Enfin, intervient la troisième scène qui clôt la pièce. Cette scène est, elle aussi, une réussite dramatique inégalable : Après une période de séparation et d’absence, une rencontre fortuite a eu lieu entre les deux amoureux, au détour d’une rue. Mais, c’est la rupture. La passante continua sa route, en méconnaissant son amant d’hier. « Laroussi » l’appela, de toute son énergie, voulant causer avec elle. Mais, elle s’en excuse, elle lui réplique qu’elle est pressée par une urgence : c’est une façon de lui dire qu’elle ne veut plus de lui ; et elle s’obstine dans son refus, et c’est ce qui confère au dialogue verbal et gestuel une haute tension dramatique. « Laroussi » tenta vainement de la retenir. Enfin, elle le quitte cruellement. C’est une scène très élaborée dramatiquement et théâtralement : les échanges des répliques, les tonalités tendues des voix, les gestes accomplis par « Laroussi » pour retenir à lui « Lalla Baya » et s’accrocher à un espoir ; et Elle qui s’obstine dans son refus, préférant la séparation à l’entente. Lui fait preuve de sincérité et elle manifeste sa cruauté. Mais, ce n’est pas la femme qui est connotée négativement. C’est plutôt l’impossibilité de l’entente entre deux personnes qui appartiennent à deux classes sociales différentes qui est manifestée, surtout, ici. Mais, le plus intéressant, c’est ce conflit qui est exploité par la pièce à des fins dramatiques. Aussi, s’en sert-elle pour rentabiliser sa littérarité et sa poéticité.

II- l’esthétique des mots et la poétique du geste

Cette pièce théâtrale use d’un vocabulaire qui appartient à la fois à la langue arabe littéraire, et au dialecte tunisien ; Mais, les deux registres sont très élaborés stylistiquement : les mots sont mobilisés pour produire un effet ; ils vont tout droit à l’affect pour l’affecter et le marquer. Ils portent en eux une énergie physique : c’est vraiment le « quand dire, c’est faire ». Les mots, soit du registre dialectal, soit du registre langagier arabe soutenu participent activement à produire un effet stylistique qui ne nous laisse pas indifférents : Ces mots sont surchargés connotativement de sorte qu’ils emportent notre adhésion et retiennent notre attention ; ils ne passent pas inaperçus si bien que l’on éprouve le besoin de les retenir, de les apprendre, de les conserver : des mots qui expriment merveilleusement l’énergie du corps et les douleurs que ressent l’affect, d’une façon inédite. Aussi, cette pièce pose-t-elle, en quelque sorte, la problématique et la thématique de l’expression : rendre aux mots leurs nouveautés, leur procurer un effet stylistique qui marque l’affect et porte l’énergie du corps et produit un effet sur le spectateur qui les entend. Le corps, l’affect, la douleur, l’injustice sont à la recherche d’un langage qui les sauve de ce qui est répété et de tout ce qui est déjà dit. L’expression ne se limite pas, ici, à la rhétorique verbale, elle est aussi une rhétorique gestuelle : tous les organes du corps élaborent l’esthétique et la poétique du dramatique : on le voit à travers les gestes expressifs qu’accomplissent les acteurs.

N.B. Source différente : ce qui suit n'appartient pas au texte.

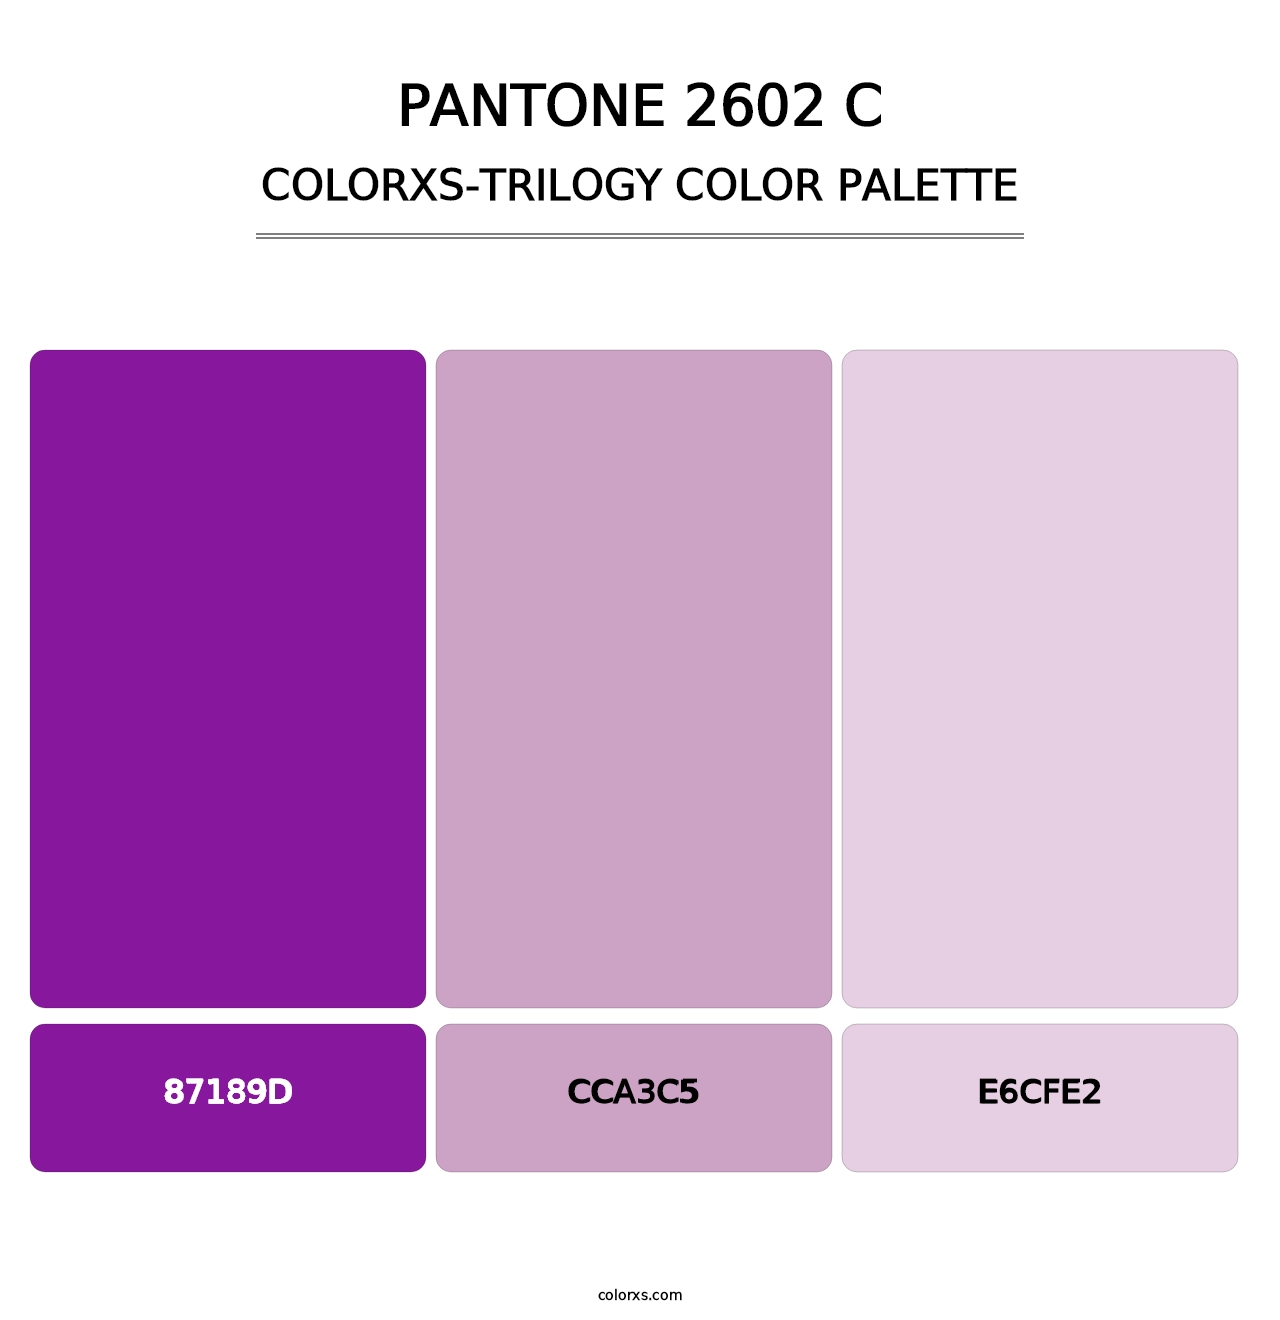 PANTONE 2602 C - Colorxs Trilogy Palette

III- la composante narrative : l’hybridation

Cette élaboration de l’action dramatique est redue encore visible et perceptible par le concours d’une technique narrative neuve, spécifiquement exceptionnelle : l’hybridation

Dans cette pièce théâtrale, la technique narrative obéit à un style narratif d’une nouveauté remarquable : les acteurs qui exposent le contenu thématique et dramatique de la pièce sont au nombre de trois seulement : Ce sont « Jalila Baccar », « Mohamed Driss » et « Fathel Jaziri ».

D’abord, ces trois acteurs jouent trois rôles principaux : « Jalila Baccar » joue le rôle de journaliste progressiste, marxiste, défendant la cause de la femme et la cause des ouvriers ; et elle est contre son père, cet homme réactionnaire, qui est le propriétaire et le patron du journal ; et elle entretient, aussi, un rapport conflictuel avec son chef hiérarchique, le rédacteur en chef, conservateur, qui ne se soucie que de la vente du journal et qui refuse de lui publier son article audacieux.
« Mohamed Driss » joue le rôle du rédacteur en chef du journal « Al-Akbar » ( l’information).

« Fathel Al-Jaziri » joue le rôle de l’ouvrier dans ce journal : il est tiraillé entre son amour pour la femme journaliste et la fidélité à ses chefs, le propriétaire du journal et le rédacteur en chef.

Mais, cette situation actorielle de départ est compliquée par un jeu narratif et dramatique sophistiqué :
Car ces acteurs assument aussi les rôles de narrateurs : ils nous rapportent ce qui est arrivé à d’autres et à eux-mêmes. Ils nous renseignent sur l’évolution conflictuelle entre les ouvriers et le personnel administratif dirigeant. Et quand ils parlent d’eux-mêmes, ils emploient la troisième personne conforme à l’usage du récit, tout en agissant dans un contexte énonciatif présent.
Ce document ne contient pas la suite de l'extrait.